In gram-positive bacterial promoters, the extended −10 motif extends to −17, with a consensus sequence of −17TRTG−14 (Helmann, 1995; Moran et al. 1982; Voskuil and Chambliss, 2002). For E. coli polymerase, the specific sequence at −17 and −16 can affect the level of transcription (Burr et al. 2000; Mitchell et al. 2003), but there is no evidence that these positions are contacted directly.
An early list of σ70-dependent promoter sequences revealed an A/T rich sequence upstream of the −35 element that was present enough to seem significant (Hawley and McClure, 1983). In addition, sequences within this region were found to significantly enhance transcription from some promoters (Chan and Busby, 1989) (also (Ross et al. 1993) and references therein). Using the ribosomal promoter rrnB P1, Ross and co-workers demonstrated that the region from −40 to −60, termed an UP element, was specifically bound by the C-terminal domain of the α-subunits of polymerase (Gaal et al. 1996; Ross et al. 1993) Subsequent work has shown that 2 subsites of A/T rich sequences, a proximal UP element (−45 to −37) and a distal UP element (−58 to −45) (Estrem et al. 1998) are contacted through minor groove interactions with the DNA (Naryshkin et al. 2000; Ross et al. 2001) (Fig. 3, numbering is relative to the −35 element of −35TTGACA−30). Each element can be contacted by one of the two α subunits present in polymerase, and whether the proximal, distal or both elements are contacted can affect promoter recognition and activity (Cellai et al. 2007; Typas and Hengge, 2005). Although a specific sequence is preferred for binding, the α subunits will also interact nonspecifically with this region of DNA (Burns et al. 1999; Ross and Gourse, 2005).

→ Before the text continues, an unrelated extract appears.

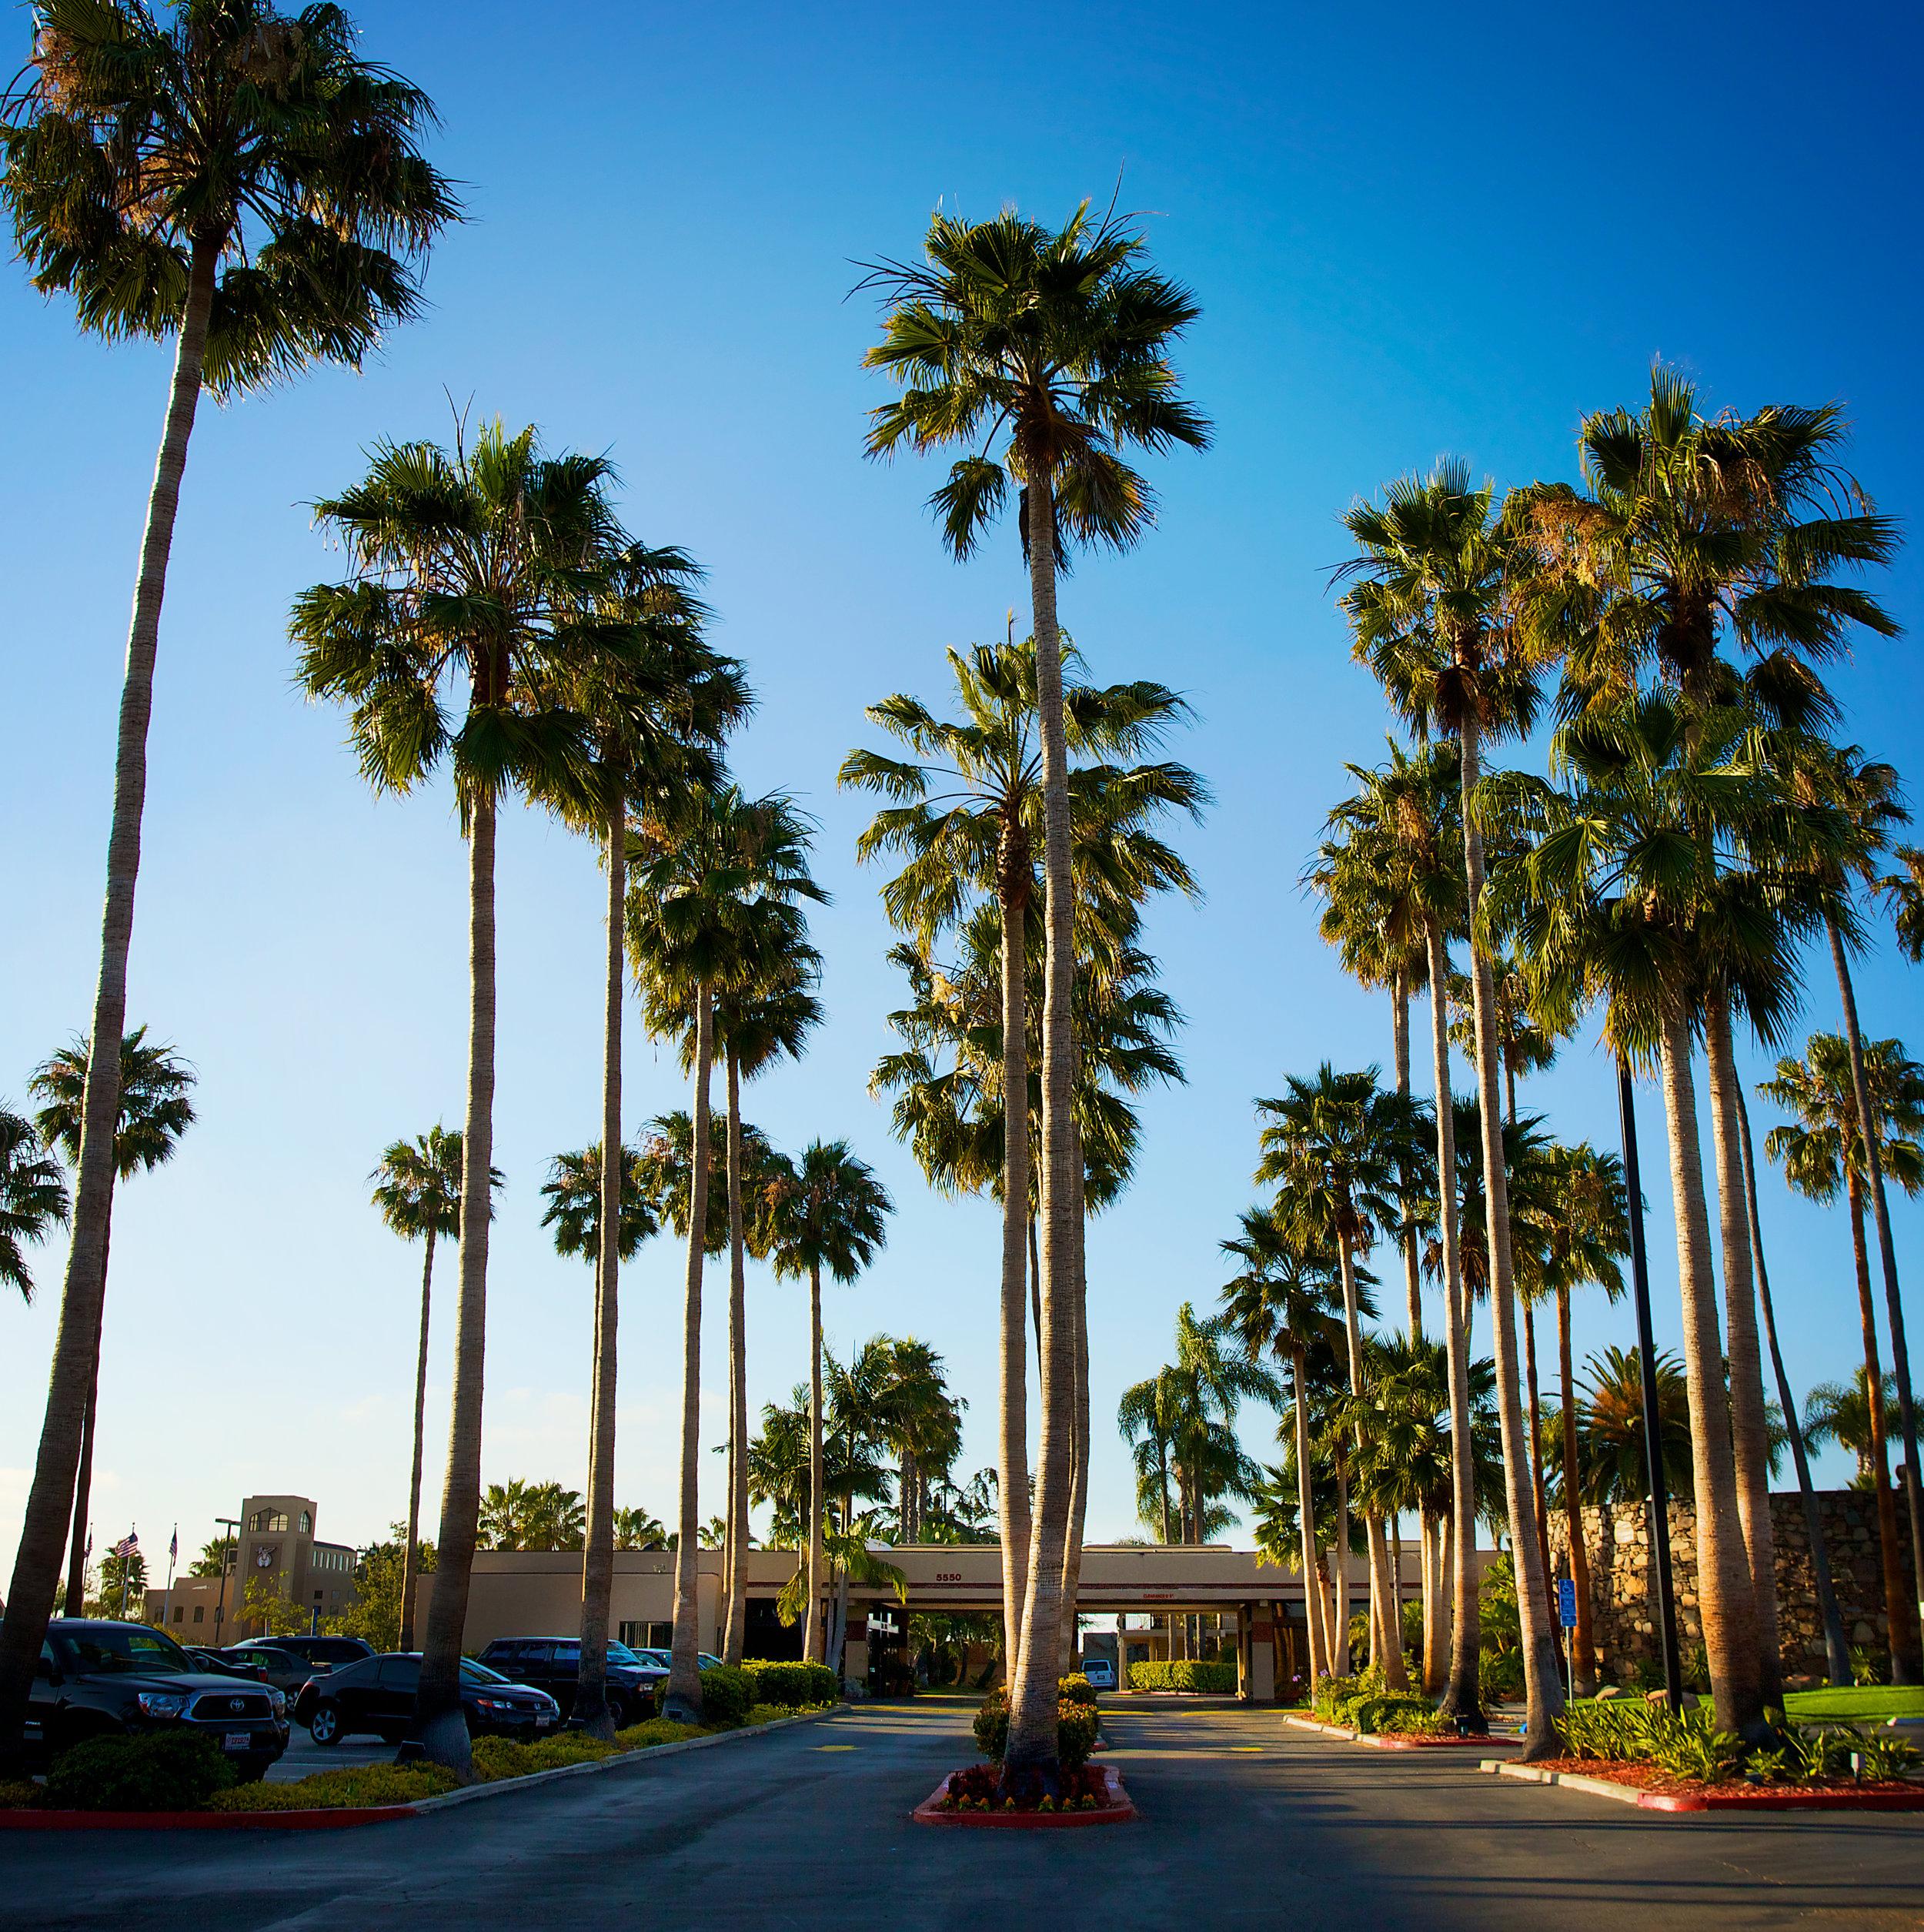 longview of palm trees

Although the T:A bp at position −12 is recognized by σ70 region 2.4 within the context of ds DNA, several lines of evidence indicate that the nontemplate −12 T may also be recognized when it is ss. Marr and Roberts (Marr and Roberts, 1997) demonstrated that RNA polymerase specifically recognizes and binds to a ss oligomer containing the nontemplate sequence of the −10 element and that a −12 T to C mutation within this oligomer is suppressed by the same σ70 substitution, Q437H, that suppresses the −12 T:A to C:G bp change in ds promoter DNA. Recognition of the −12 nucleotide within ss DNA has also been inferred from competition binding experiments which have demonstrated the specificity of polymerase for a −12 T (Qiu and Helmann, 1999). Finally, the sensitivity of the nontemplate T at −12 to KMnO4, which will react with unpaired thymines and to a lesser extent cytosines, seems to depend on the particular promoter and conditions (Davis et al. 2007a; Hook-Barnard et al. 2006; Kainz and Roberts, 1992; Lim et al. 2001; Nguyen and Burgess, 1997; Sasse-Dwight and Gralla, 1989; Sasse-Dwight and Gralla, 1991; Thouvenot et al. 2004). Thus, whether an interaction between σ70 and position −12 in the context of ss DNA is crucial for the formation of a productive polymerase/promoter complex is not known.

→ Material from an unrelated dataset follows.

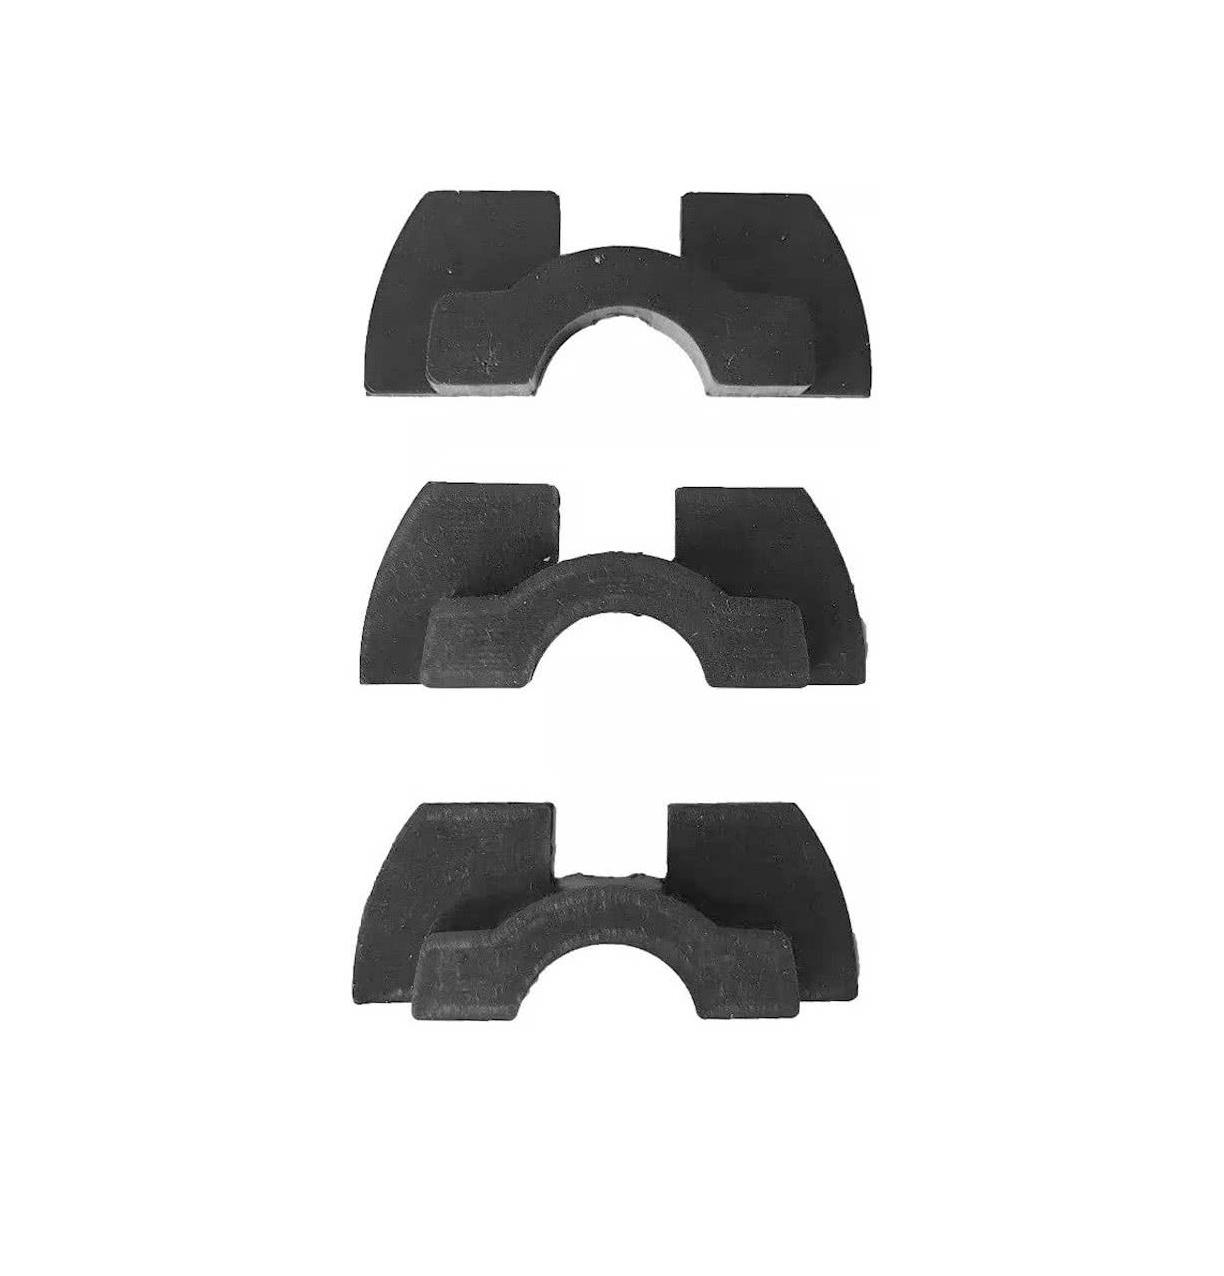 3PAD FDTwelve Επιθέματα Βάσης για Xiaomi Scooter M365 / M365 Pro Black 5906735414233

A large body of work, detailed below, has demonstrated that polymerase recognizes the −10 element positions −11ATAAT−7 as ss nontemplate DNA formed at the transcription bubble surrounding the start of transcription. In most of these studies, the A at −11, thought to nucleate strand opening, and the nearly invariant T at −7 have been shown to be particularly important, with lesser and varying contributions from the bases at positions −10 through −8. In many cases, these conclusions have been driven by EMSAs of polymerase and DNA performed in the absence and presence of a challenge, such as heparin. This analysis is meant to distinguish between two types of binding: 1) unstable binding of polymerase to fully duplex DNA, which should only be seen in the absence of the competitor challenge, and 2) the stable, competitor resistant complex. For most promoters, the unstable form is thought to be at an early step in initiation, like RPc or I1. The stable form is presumed to be at a late step, such as RPo, in which the DNA is unwound from position −11 downstream and conformational changes have resulted in the isomerization of the polymerase. In some cases, the presence of the transcription bubble has been confirmed by KMnO4 footprinting.

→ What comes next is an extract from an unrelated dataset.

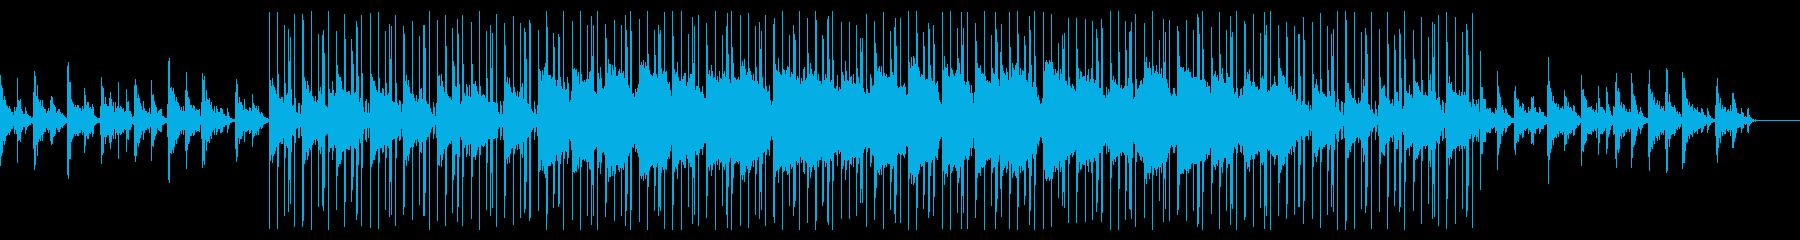 HipHop&Jazz風 エンディング曲の再生済みの波形

The first work to demonstrate that polymerase specifically recognizes only the nontemplate strand of the −10 element was reported by Roberts and Roberts (Roberts and Roberts, 1996). These authors investigated the ability of polymerase to form an open complex with promoter DNA containing mismatched nucleotides at the crucial −12, −11, and −7 positions on either the non-template or template strand of the −10 element. To do this analysis they performed single round transcription assays after allowing the polymerase and DNA to form heparin-resistant complexes. Mutations away from consensus on the nontemplate strand at each of these three positions were deleterious. In contrast, mutations of template strand bases at these positions were inconsequential. EMSA analysis demonstrated that polymerase will bind a ss oligomer that contains the nontemplate sequence of the −10 element (Marr and Roberts, 1997; Qiu and Helmann, 1999). In these cases, binding specificity, which was determined by competition of the complex with a mutant ss oligomer, showed that mutations away from the −10 consensus sequence impaired binding. These studies confirmed the importance of the nucleotide identity on the nontemplate strand.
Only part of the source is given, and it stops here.